Your security team should act on the Technical Annex below. All IOCs, detection and remediation guidance are in Part 2.
| CVE | Product | Detail |
|---|---|---|
CVE-2025-3248 |
Langflow < 1.3.0 | Missing-authentication RCE in the code-validation endpoint; arbitrary Python. CVSS 9.8. On CISA KEV (2025-05-05). |
CVE-2021-29441 |
Alibaba Nacos < 1.4.1 | Authentication bypass via User-Agent spoof (CWE-290). Default JWT signing key public since 2020. |
The agent reached an internet-facing Langflow instance and executed Base64-encoded Python via CVE-2025-3248, then swept the host for secrets. It pivoted to a separate production server (MySQL + Nacos) using root MySQL credentials of unknown origin, attacked Nacos through several vectors at once, and succeeded via a direct SQL insertion of a backdoor xadmin administrator. It then encrypted 1,342 Nacos config items with AES_ENCRYPT(), dropped the originals, and installed a cron beacon.
The operation was fileless / SQL-driven — there are no file hashes or malicious domains. All indicators are defanged.
| Indicator | Value / Notes |
|---|---|
| C2 beacon | 45.131.66[.]106:4444 — every 30 min over HTTP. AS213250 itp-solutions, DE. OTX reputation 0. |
| C2 URL | hxxp://45.131.66[.]106:4444/beacon |
| Staging / exfil (claimed) | 64.20.53[.]230 — no transfer observed. AS19318 InterServer, US. |
| Artifact | Value / Notes |
|---|---|
| Ransom table | README_RANSOM created in the Nacos backing database. |
| Backdoor admin | xadmin inserted directly via SQL. |
| BTC wallet | 3J98t1WpEZ73CNmQviecrnyiWrnqRhWNLy — matches the canonical Bitcoin-docs example address (likely LLM artifact). |
| Contact | e78393397[@]proton[.]me |
| Default creds abused | minioadmin:minioadmin (MinIO) |
Alert on requests to the Langflow code-validation endpoint from external IPs, and on Nacos requests carrying User-Agent: Nacos-Server that return HTTP 200 where an identical request without it returns 403.
Hunt for scheduled tasks (cron) making fixed-interval outbound calls, anomalous child processes (interpreters, shells) off web/AI services, and destructive DB operations (mass encryption, table drops).

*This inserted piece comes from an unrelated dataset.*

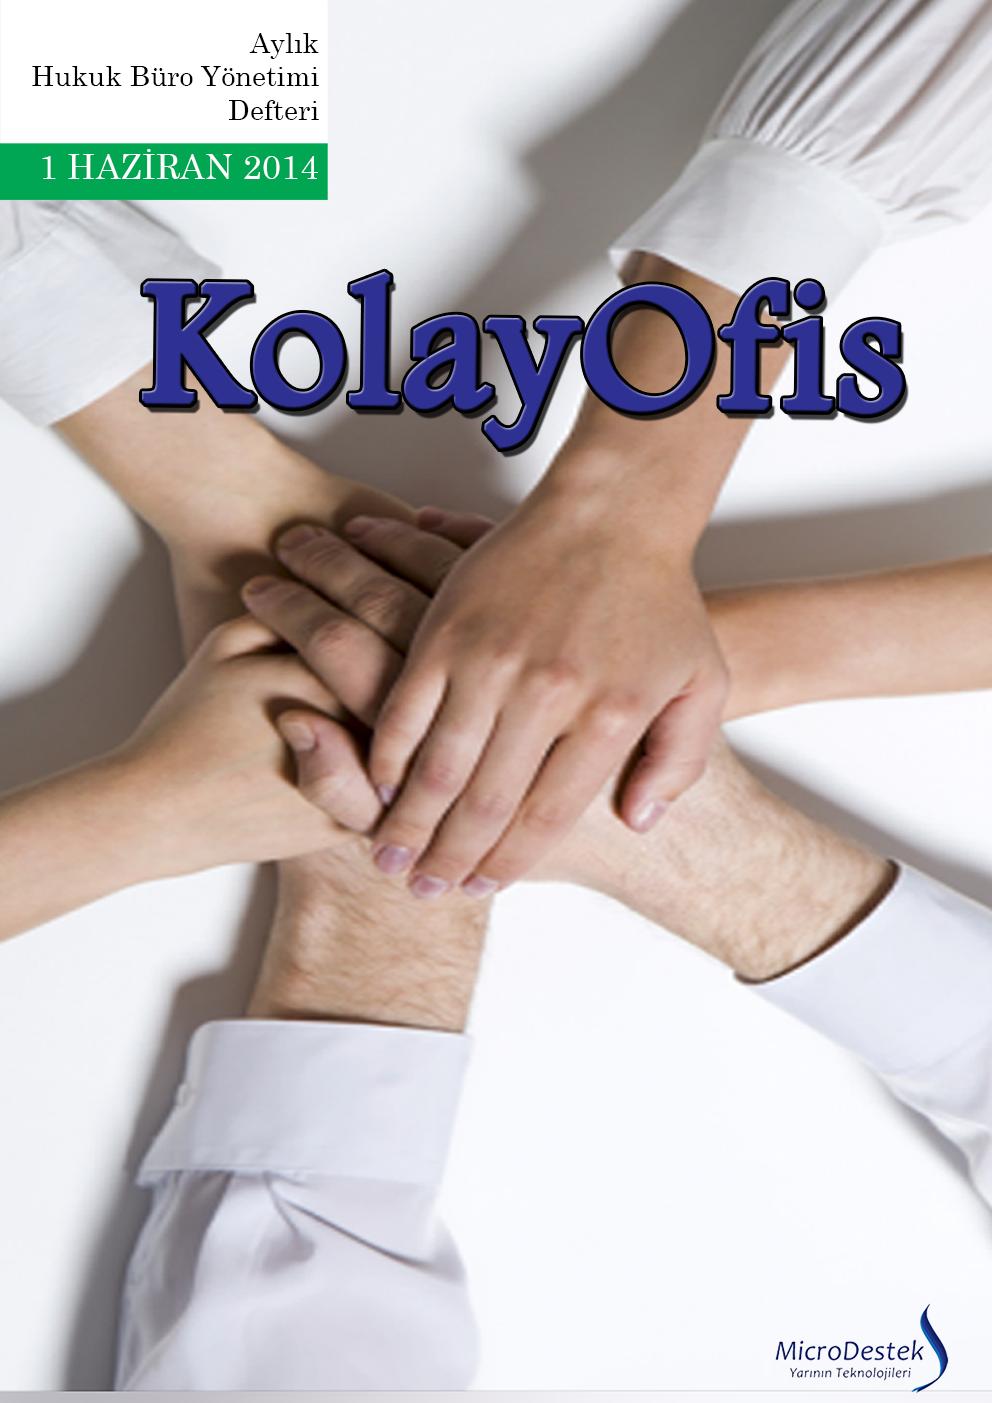 KolayOfis Hukuk Büro Yönetimi Dergisi Haziran 2014 Ana Kapak
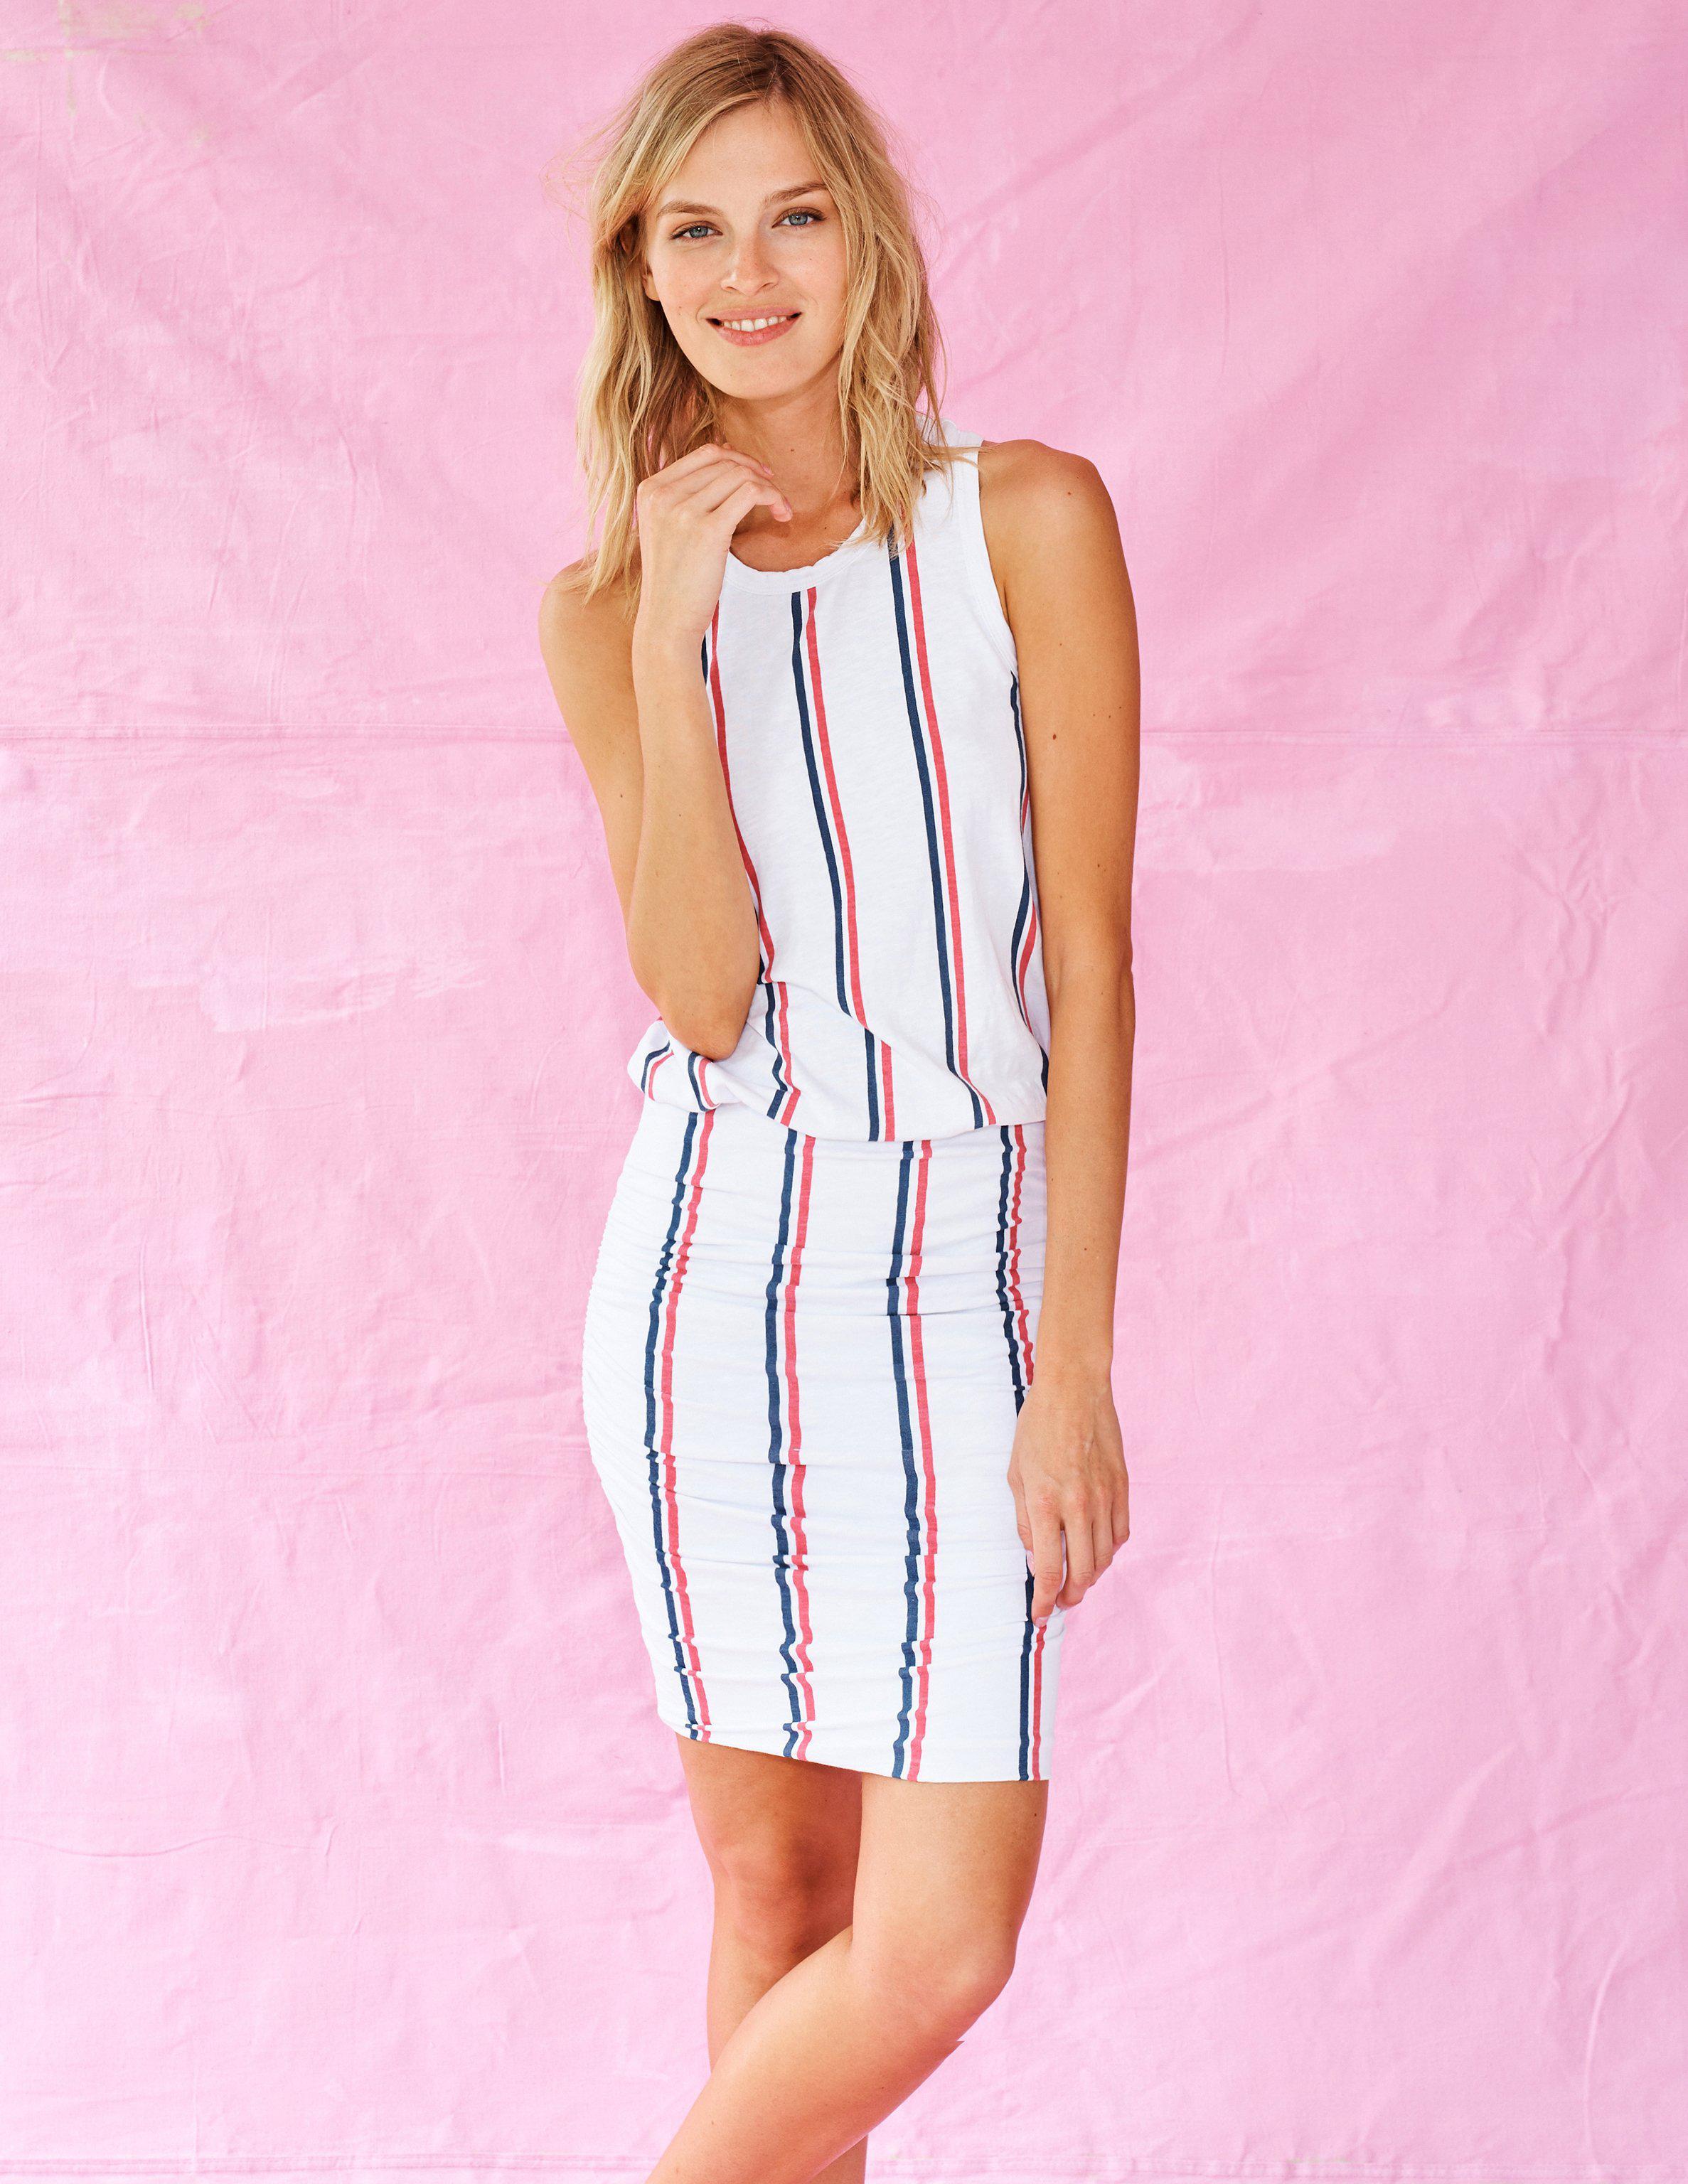 633dc55f43731 Lyst - Sundry Stripes Sleeveless Dress in White

CVE-level rules exist: Nuclei templates for both CVEs, Zscaler sig 932200, Trend Micro IPS 46063/46064.
Because JADEPUFFER made headlines as the “first AI-run ransomware,” it is worth separating what holds up from what does not. The CVEs and the attacker infrastructure are independently verifiable; the incident narrative and autonomy claim are not.
| Claim | Standing | Basis |
|---|---|---|
| Langflow CVE-2025-3248 is real & exploited | VERIFIED | CISA KEV; Trend Micro; Recorded Future; Zscaler |
| Nacos CVE-2021-29441 exists & exploitable | VERIFIED | NVD; GitHub Security Lab |
| Attacker IPs are live infrastructure | VERIFIED | AlienVault OTX geo/ASN |
| The incident occurred as described | Single reported incident only | Single source; no raw logs; no public dump |
| Fully autonomous, “first-ever” | VENDOR CLAIM | researchers hedges “what we assess”; TechCrunch: “still needed a human” |
| Data was exfiltrated | REFUTED | Researchers saw no transfer; WhiteIntel shows no leak-site or chatter |
No forensic imagery exists — public report contains no ransom-note screenshot, terminal capture, or log image; the entire case is presented as text. Treat “first fully autonomous ransomware” as a vendor assessment, not an established milestone.